Droughts and desertification have displaced several thousands of villagers.
Through the reclaiming scheme of the degraded lands, the afforestation has successfully reclaimed degraded landscape of over 13.302.3 hectares in the frontline states through tree planting, and over 10.3 million, through the distribution of seedlings to farmers and villagers.
In order to provide alternative means of livelihood to affected communities, the Agency also embarked on skill acquisition programmes. This became a succour to many people, among them young and old, both male and female. Skill acquisition centres were constructed and many were enrolled and have successfully finished the training.
These skills include tailoring, soap making and perfumes, as well as knitting. Each of the graduands were given starter-packs which became an initial capital to start their trade with.
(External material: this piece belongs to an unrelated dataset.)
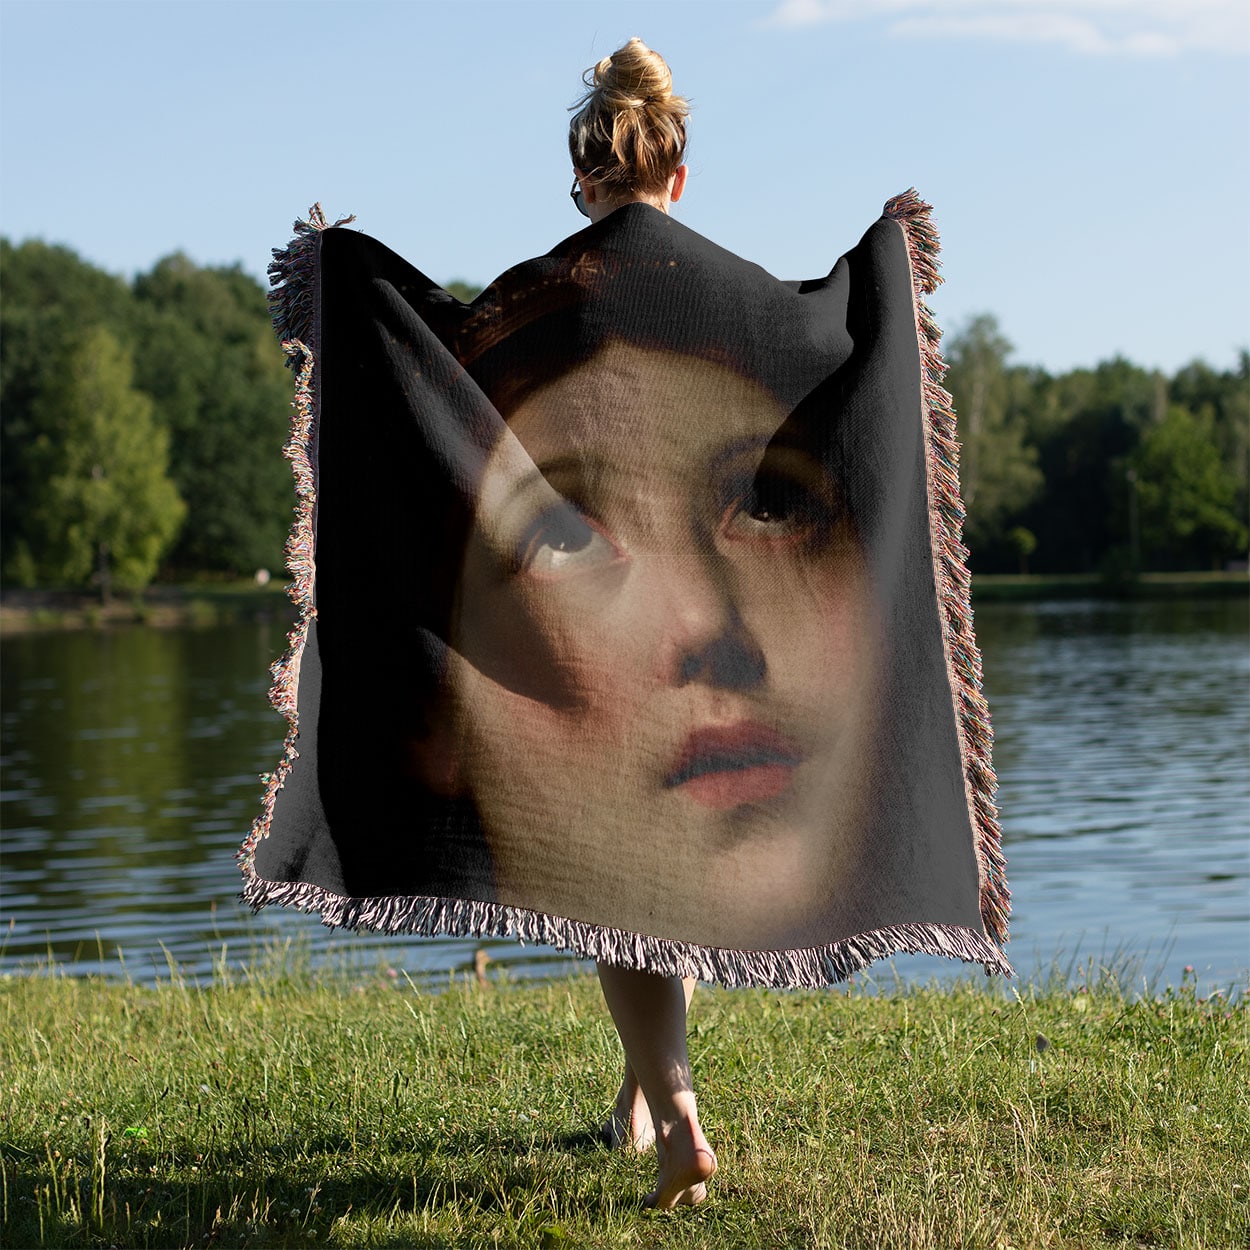 Renaissance Woven Blanket Held on a Woman's Back Outside

The starter-packs include sewing machine for tailors, knitting machines for those who learnt how to knit, as well as various chemicals and fragrances for those who learnt to make soaps and perfumes.
One of the most resounding activities of the Agency is rural clean energy scheme, where 4,455 solar-lightening systems were procured and distributed to homes and markets.
The Agency also procured and distributed over 6,300 wooden stoves to the villagers in order to discourage the cutting down of trees.
Seldom is any national project being monitored and evaluated to the letter like the projects under the National Agency for the Great Green Wall.
It is not only the Agency that carries out monitoring and evaluation of projects, but also civil society groups and the media, who travel around for weeks, monitoring specific projects.
Nigeria’s Great Green Wall Project is perhaps the best among all the African countries that started similar project.
•Mohammed, a development journalist and human social conflict researcher, is based in Abuja, Nigeria.